**What you should do**
Your output must consist solely of the lines from the one containing "049f2f0ccbd Πλεκτό φόρεμα" through the end of the records, reproduced exactly.

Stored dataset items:
----

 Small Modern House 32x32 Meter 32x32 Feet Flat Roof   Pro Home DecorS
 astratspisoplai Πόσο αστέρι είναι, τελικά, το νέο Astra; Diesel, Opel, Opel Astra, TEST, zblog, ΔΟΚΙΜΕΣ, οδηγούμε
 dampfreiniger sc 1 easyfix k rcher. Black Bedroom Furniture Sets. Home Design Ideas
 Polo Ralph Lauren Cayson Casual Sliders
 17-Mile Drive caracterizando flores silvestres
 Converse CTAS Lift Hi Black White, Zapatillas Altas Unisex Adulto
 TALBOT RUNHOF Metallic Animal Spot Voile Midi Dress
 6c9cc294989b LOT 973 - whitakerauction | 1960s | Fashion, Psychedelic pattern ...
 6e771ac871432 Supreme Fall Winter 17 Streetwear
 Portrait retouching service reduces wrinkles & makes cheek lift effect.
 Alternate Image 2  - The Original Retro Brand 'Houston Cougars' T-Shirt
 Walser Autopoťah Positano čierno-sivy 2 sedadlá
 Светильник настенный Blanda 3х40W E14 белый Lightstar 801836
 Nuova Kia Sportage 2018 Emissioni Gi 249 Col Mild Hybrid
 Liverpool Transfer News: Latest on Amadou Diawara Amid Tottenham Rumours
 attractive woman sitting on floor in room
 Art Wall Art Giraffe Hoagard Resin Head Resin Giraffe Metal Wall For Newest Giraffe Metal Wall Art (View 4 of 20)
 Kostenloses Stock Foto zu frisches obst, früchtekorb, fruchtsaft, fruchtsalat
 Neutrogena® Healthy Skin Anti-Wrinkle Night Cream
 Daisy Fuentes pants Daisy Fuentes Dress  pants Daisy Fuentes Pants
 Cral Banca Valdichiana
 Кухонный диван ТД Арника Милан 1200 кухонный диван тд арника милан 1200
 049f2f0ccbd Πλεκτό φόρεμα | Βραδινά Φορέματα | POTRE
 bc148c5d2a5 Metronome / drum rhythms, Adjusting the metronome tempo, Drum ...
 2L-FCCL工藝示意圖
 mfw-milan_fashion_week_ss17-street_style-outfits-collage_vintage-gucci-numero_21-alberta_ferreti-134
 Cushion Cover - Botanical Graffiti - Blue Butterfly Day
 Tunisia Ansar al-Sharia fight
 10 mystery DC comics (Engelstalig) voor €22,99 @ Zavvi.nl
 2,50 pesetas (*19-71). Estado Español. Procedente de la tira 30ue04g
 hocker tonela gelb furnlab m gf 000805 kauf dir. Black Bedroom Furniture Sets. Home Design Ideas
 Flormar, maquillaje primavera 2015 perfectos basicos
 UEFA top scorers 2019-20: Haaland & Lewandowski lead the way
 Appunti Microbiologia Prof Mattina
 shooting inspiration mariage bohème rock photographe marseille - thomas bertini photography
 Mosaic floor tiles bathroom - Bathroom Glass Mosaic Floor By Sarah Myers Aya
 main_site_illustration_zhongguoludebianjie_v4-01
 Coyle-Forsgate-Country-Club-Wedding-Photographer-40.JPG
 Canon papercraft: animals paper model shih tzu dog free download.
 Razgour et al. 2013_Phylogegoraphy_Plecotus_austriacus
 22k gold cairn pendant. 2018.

----

**Problem solution**
 049f2f0ccbd Πλεκτό φόρεμα | Βραδινά Φορέματα | POTRE
 bc148c5d2a5 Metronome / drum rhythms, Adjusting the metronome tempo, Drum ...
 2L-FCCL工藝示意圖
 mfw-milan_fashion_week_ss17-street_style-outfits-collage_vintage-gucci-numero_21-alberta_ferreti-134
 Cushion Cover - Botanical Graffiti - Blue Butterfly Day
 Tunisia Ansar al-Sharia fight
 10 mystery DC comics (Engelstalig) voor €22,99 @ Zavvi.nl
 2,50 pesetas (*19-71). Estado Español. Procedente de la tira 30ue04g
 hocker tonela gelb furnlab m gf 000805 kauf dir. Black Bedroom Furniture Sets. Home Design Ideas
 Flormar, maquillaje primavera 2015 perfectos basicos
 UEFA top scorers 2019-20: Haaland & Lewandowski lead the way
 Appunti Microbiologia Prof Mattina
 shooting inspiration mariage bohème rock photographe marseille - thomas bertini photography
 Mosaic floor tiles bathroom - Bathroom Glass Mosaic Floor By Sarah Myers Aya
 main_site_illustration_zhongguoludebianjie_v4-01
 Coyle-Forsgate-Country-Club-Wedding-Photographer-40.JPG
 Canon papercraft: animals paper model shih tzu dog free download.
 Razgour et al. 2013_Phylogegoraphy_Plecotus_austriacus
 22k gold cairn pendant. 2018.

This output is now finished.